Copy out the listing that follows, exactly, without its pictures.

(Beginning of INFORMATION PROVIDED)

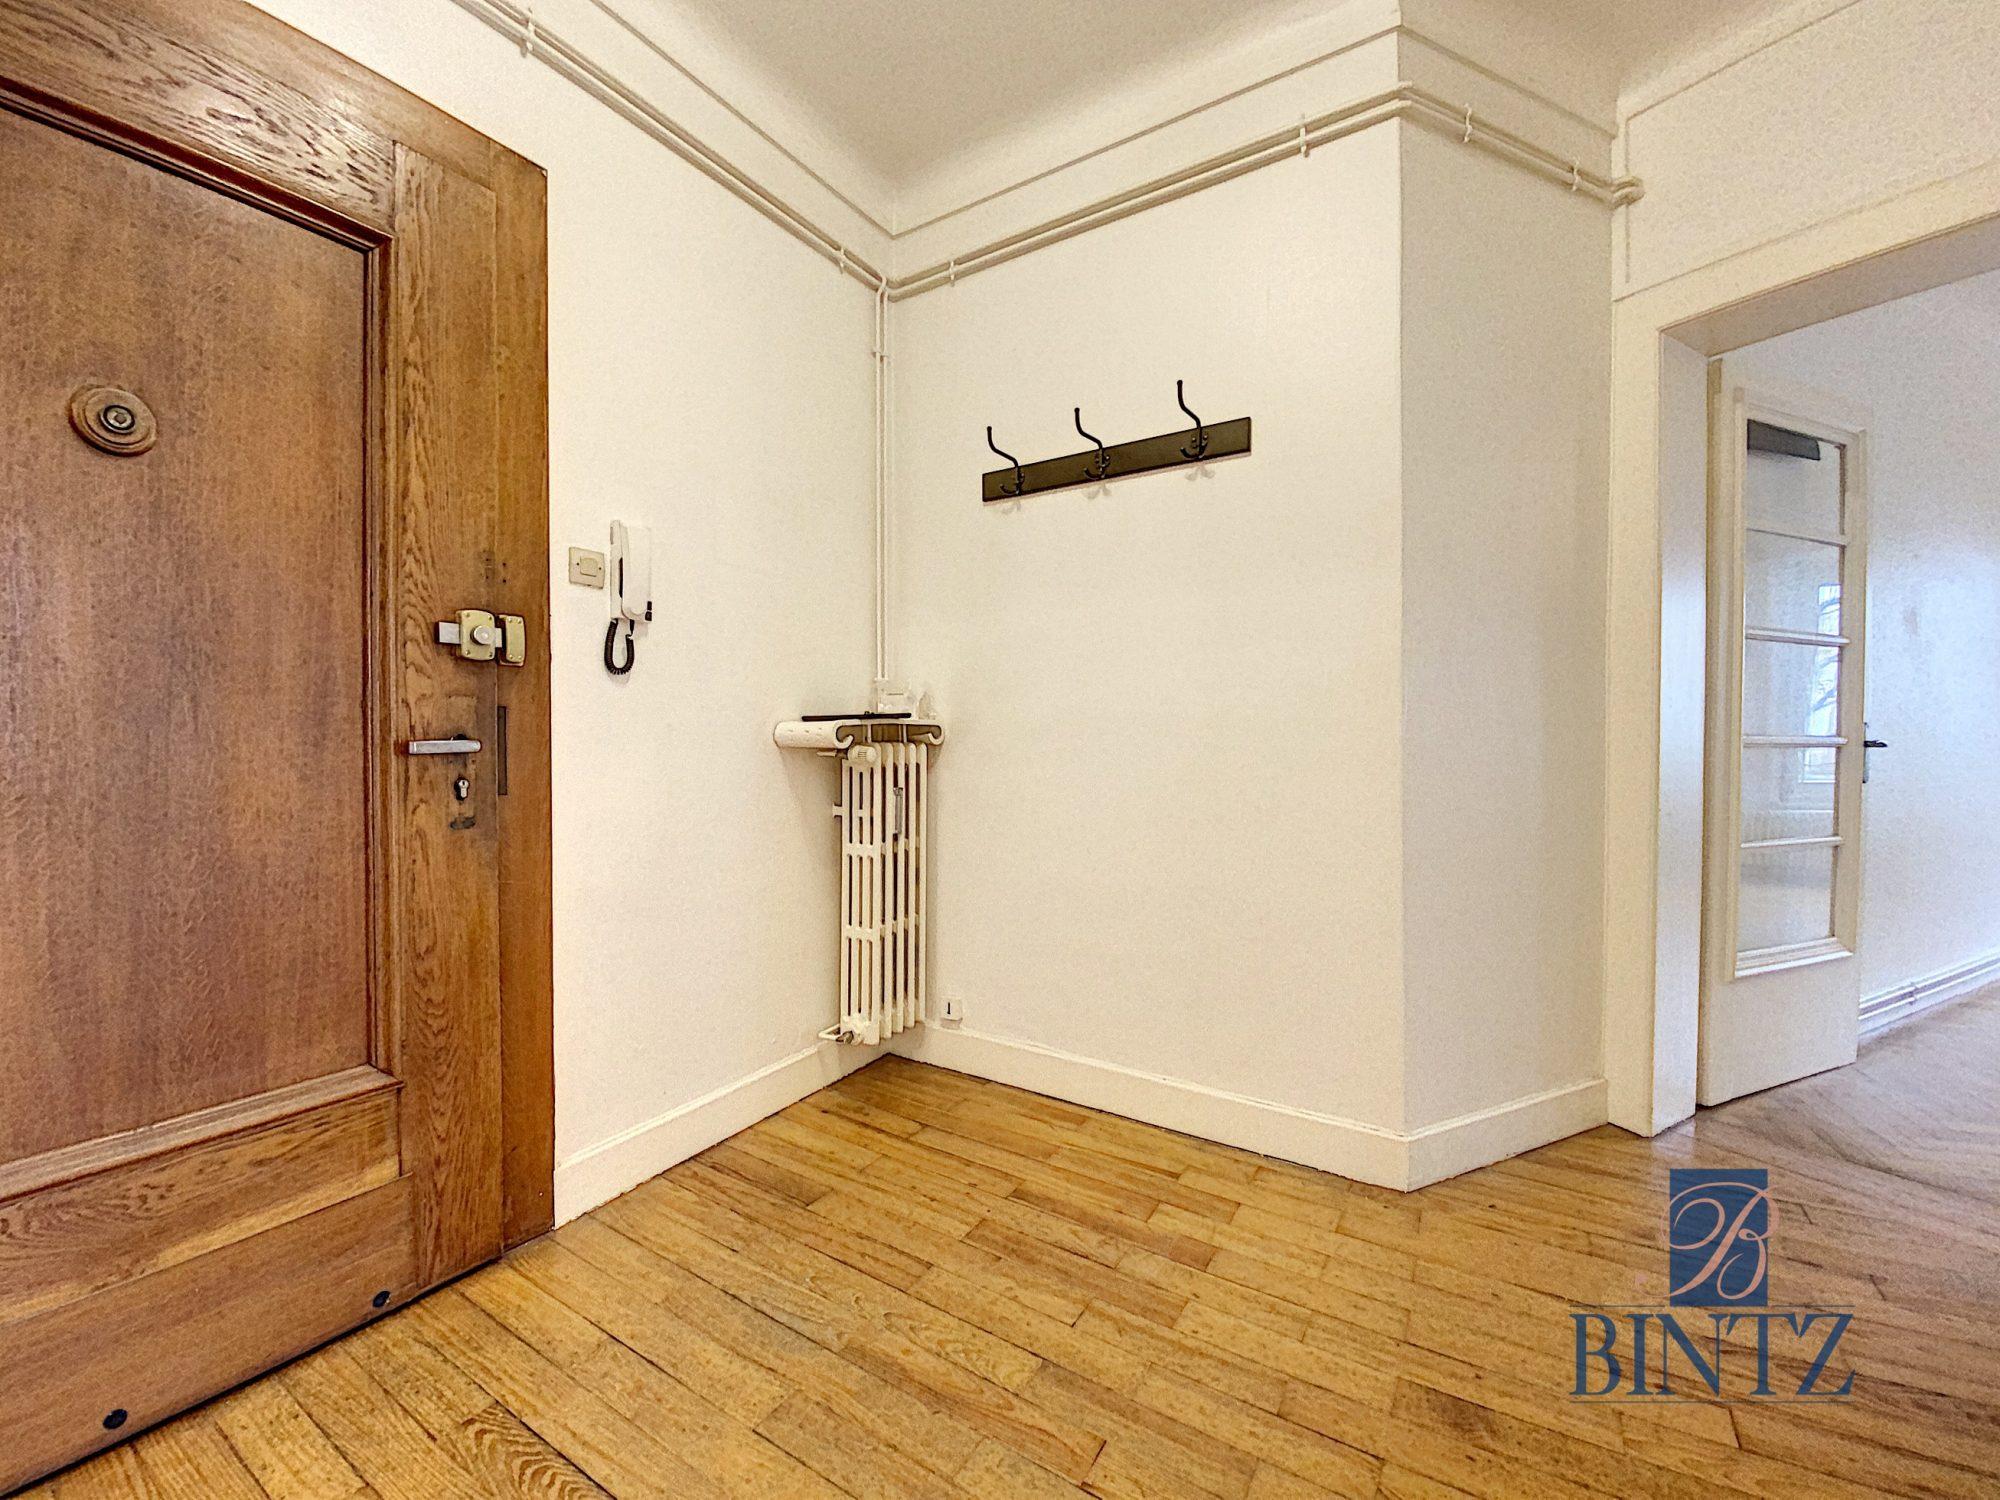 3P avec terrasse orangerie - Devenez locataire en toute sérénité - Bintz Immobilier - 8
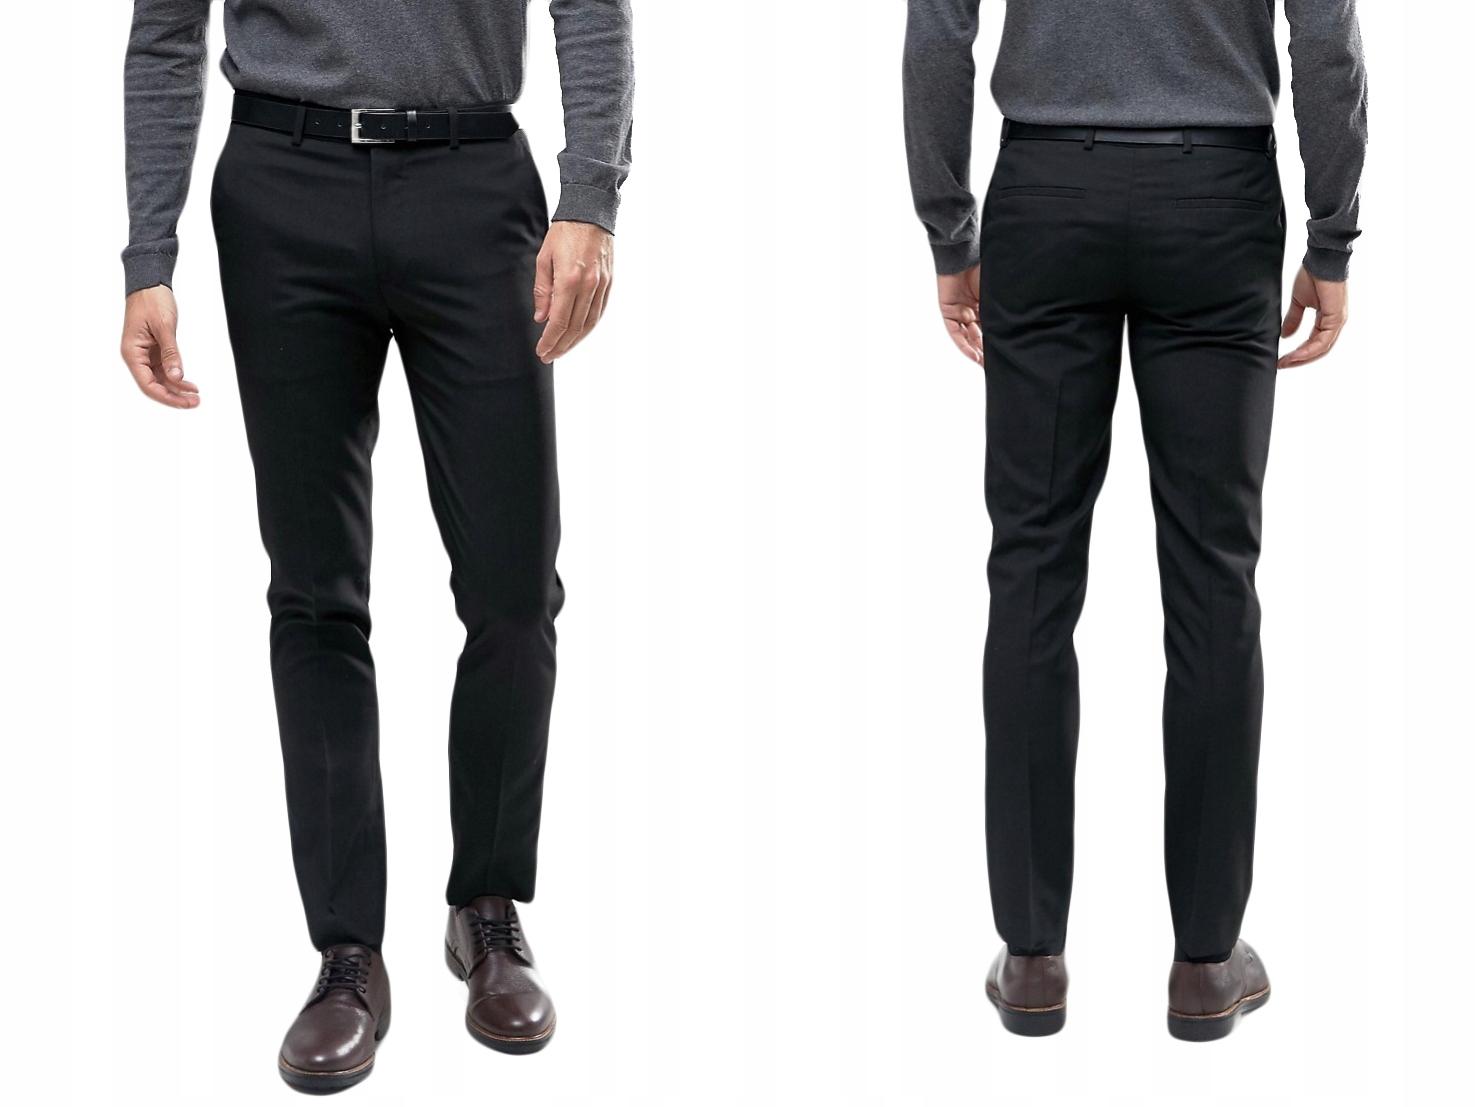 River Island Spodnie męskie czarne W28 L30
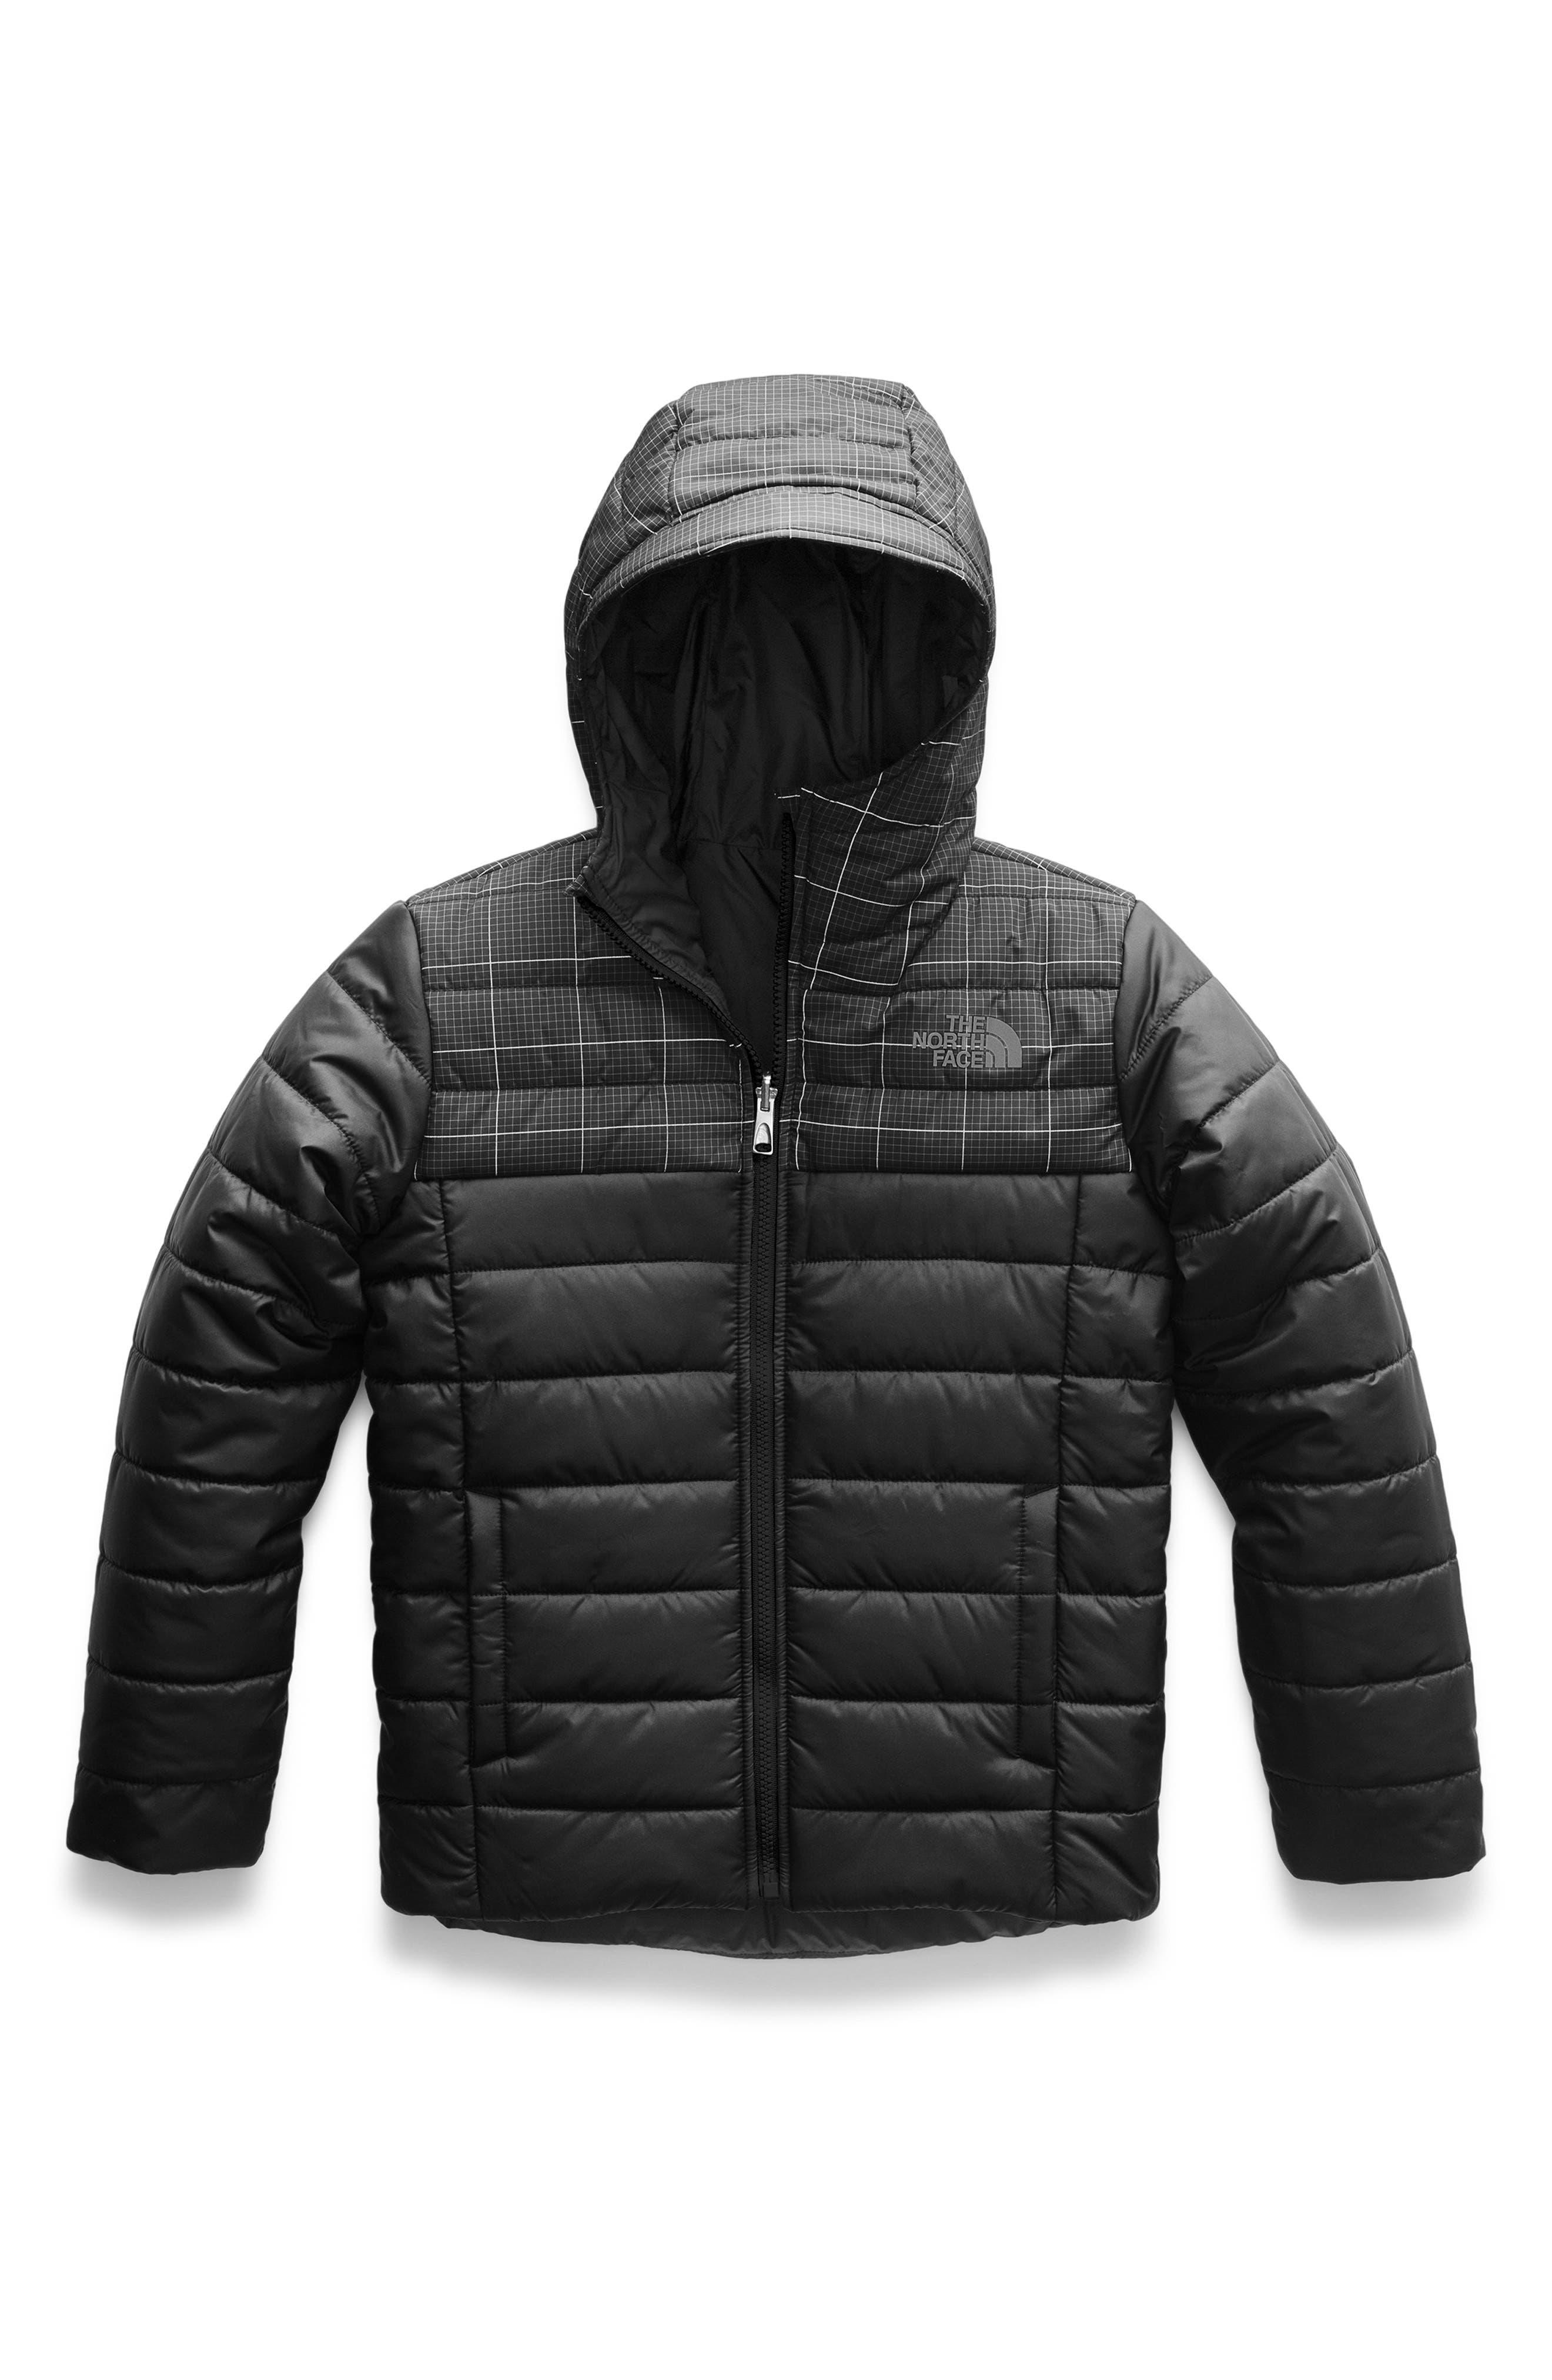 Perrito Reversible Water Resistant Jacket,                         Main,                         color, 001

(End of INFORMATION PROVIDED)

RESULT BELOW ::
 3P avec terrasse orangerie - Devenez locataire en toute sérénité - Bintz Immobilier - 8
 River Island Spodnie męskie czarne W28 L30
 Perrito Reversible Water Resistant Jacket,                         Main,                         color, 001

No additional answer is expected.